> [WORK TO BE COMPLETED]: Write out once more the lines running from the top of the entries below to the line with "Baseus Cafule Cable", both ends included.

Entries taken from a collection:

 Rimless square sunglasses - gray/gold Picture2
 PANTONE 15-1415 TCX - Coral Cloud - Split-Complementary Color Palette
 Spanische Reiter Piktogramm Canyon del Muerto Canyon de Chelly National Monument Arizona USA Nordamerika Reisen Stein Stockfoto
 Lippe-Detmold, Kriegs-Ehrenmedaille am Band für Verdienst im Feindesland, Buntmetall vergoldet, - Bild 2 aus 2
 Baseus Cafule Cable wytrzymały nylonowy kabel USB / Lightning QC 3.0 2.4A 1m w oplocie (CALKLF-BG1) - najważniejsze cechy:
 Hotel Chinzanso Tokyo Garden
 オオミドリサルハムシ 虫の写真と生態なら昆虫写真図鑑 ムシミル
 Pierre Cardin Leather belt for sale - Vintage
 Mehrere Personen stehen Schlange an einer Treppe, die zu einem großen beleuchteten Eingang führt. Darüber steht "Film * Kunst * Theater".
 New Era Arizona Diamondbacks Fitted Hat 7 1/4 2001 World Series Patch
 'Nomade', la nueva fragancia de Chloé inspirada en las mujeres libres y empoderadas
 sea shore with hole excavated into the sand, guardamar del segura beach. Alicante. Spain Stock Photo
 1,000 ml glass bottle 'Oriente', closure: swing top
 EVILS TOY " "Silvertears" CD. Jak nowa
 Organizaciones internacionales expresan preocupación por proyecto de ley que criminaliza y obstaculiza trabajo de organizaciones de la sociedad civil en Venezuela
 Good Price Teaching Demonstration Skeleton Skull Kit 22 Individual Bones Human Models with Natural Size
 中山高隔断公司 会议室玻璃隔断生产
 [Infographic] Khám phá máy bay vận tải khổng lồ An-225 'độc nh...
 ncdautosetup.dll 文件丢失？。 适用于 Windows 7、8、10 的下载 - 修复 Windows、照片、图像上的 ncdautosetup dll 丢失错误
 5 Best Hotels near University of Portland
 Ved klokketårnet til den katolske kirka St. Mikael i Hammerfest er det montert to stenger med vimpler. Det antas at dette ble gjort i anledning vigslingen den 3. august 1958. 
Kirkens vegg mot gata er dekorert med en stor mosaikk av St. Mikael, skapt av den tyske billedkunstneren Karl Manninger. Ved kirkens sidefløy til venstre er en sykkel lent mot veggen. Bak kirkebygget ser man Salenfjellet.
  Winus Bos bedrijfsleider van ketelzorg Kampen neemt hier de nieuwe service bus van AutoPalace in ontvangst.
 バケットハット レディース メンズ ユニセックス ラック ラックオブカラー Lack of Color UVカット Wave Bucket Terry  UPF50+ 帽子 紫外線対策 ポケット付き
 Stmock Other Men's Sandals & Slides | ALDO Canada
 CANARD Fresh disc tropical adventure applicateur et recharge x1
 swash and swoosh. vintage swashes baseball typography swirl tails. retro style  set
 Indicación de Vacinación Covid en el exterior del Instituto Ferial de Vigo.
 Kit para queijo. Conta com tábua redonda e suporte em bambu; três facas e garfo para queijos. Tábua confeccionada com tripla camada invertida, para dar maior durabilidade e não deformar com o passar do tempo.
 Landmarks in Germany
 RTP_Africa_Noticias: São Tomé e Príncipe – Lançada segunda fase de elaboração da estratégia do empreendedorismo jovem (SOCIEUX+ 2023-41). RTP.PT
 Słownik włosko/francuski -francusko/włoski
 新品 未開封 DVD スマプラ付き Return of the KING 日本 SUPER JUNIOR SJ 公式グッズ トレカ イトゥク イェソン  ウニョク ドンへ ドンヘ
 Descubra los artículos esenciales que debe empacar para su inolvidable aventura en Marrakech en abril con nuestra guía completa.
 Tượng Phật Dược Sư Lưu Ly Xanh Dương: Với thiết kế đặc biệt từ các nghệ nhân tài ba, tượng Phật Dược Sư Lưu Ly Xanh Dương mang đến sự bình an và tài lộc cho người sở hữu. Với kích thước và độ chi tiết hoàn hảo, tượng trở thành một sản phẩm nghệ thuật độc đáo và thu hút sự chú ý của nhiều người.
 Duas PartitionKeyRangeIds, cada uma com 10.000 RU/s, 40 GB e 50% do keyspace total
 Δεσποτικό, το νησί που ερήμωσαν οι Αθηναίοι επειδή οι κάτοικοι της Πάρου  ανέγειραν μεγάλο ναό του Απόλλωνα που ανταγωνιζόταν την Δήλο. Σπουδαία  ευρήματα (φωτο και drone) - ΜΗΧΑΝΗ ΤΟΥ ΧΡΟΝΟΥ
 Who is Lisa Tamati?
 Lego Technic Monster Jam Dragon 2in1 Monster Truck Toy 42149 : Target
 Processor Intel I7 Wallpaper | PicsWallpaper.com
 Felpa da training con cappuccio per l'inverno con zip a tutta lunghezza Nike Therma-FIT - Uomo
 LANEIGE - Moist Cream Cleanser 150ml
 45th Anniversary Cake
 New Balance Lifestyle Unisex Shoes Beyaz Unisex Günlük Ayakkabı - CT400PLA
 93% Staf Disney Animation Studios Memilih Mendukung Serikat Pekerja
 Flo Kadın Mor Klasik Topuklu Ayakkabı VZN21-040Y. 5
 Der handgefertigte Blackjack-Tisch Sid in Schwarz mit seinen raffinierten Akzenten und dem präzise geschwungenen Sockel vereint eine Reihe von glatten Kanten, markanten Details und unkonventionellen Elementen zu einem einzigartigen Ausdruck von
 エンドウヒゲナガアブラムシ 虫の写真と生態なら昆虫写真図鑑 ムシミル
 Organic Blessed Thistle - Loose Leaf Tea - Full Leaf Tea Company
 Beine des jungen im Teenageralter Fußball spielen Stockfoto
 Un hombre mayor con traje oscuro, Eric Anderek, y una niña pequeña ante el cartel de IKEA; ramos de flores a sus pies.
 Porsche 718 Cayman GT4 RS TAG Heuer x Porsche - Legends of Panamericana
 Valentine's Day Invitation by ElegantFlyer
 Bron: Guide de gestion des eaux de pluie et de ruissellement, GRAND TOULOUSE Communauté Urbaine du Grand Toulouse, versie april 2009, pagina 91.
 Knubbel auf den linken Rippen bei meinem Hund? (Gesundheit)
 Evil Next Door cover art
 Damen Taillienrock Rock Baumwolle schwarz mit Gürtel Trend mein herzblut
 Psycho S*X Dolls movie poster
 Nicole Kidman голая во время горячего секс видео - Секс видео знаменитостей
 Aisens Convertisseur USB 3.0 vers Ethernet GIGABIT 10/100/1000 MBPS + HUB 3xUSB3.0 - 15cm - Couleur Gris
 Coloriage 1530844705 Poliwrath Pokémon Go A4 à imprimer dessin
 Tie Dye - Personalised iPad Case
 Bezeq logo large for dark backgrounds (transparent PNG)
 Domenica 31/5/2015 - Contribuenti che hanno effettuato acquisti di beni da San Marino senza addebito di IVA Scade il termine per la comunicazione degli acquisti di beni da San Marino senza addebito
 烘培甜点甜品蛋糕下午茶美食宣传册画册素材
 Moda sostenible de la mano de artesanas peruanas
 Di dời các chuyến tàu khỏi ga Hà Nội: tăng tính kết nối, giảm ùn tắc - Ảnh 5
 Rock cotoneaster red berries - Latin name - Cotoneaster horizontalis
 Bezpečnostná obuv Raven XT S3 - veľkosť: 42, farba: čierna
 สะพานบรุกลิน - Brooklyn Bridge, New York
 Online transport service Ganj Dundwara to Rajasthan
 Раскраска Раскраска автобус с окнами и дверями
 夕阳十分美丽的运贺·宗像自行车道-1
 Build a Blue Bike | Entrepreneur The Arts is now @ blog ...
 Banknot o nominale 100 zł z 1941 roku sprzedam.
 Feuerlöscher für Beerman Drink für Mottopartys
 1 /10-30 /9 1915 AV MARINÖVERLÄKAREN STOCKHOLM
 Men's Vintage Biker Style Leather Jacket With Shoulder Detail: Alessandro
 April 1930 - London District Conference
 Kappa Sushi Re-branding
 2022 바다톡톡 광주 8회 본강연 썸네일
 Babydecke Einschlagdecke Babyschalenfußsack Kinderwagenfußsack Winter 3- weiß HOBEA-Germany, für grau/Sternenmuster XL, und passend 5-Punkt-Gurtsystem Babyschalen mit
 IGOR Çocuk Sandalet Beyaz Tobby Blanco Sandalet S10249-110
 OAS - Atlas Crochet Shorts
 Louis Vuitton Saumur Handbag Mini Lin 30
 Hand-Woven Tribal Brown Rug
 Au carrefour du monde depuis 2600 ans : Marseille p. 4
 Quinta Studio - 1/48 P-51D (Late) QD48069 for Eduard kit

> [RESPONSE AREA]:
 Rimless square sunglasses - gray/gold Picture2
 PANTONE 15-1415 TCX - Coral Cloud - Split-Complementary Color Palette
 Spanische Reiter Piktogramm Canyon del Muerto Canyon de Chelly National Monument Arizona USA Nordamerika Reisen Stein Stockfoto
 Lippe-Detmold, Kriegs-Ehrenmedaille am Band für Verdienst im Feindesland, Buntmetall vergoldet, - Bild 2 aus 2
 Baseus Cafule Cable wytrzymały nylonowy kabel USB / Lightning QC 3.0 2.4A 1m w oplocie (CALKLF-BG1) - najważniejsze cechy:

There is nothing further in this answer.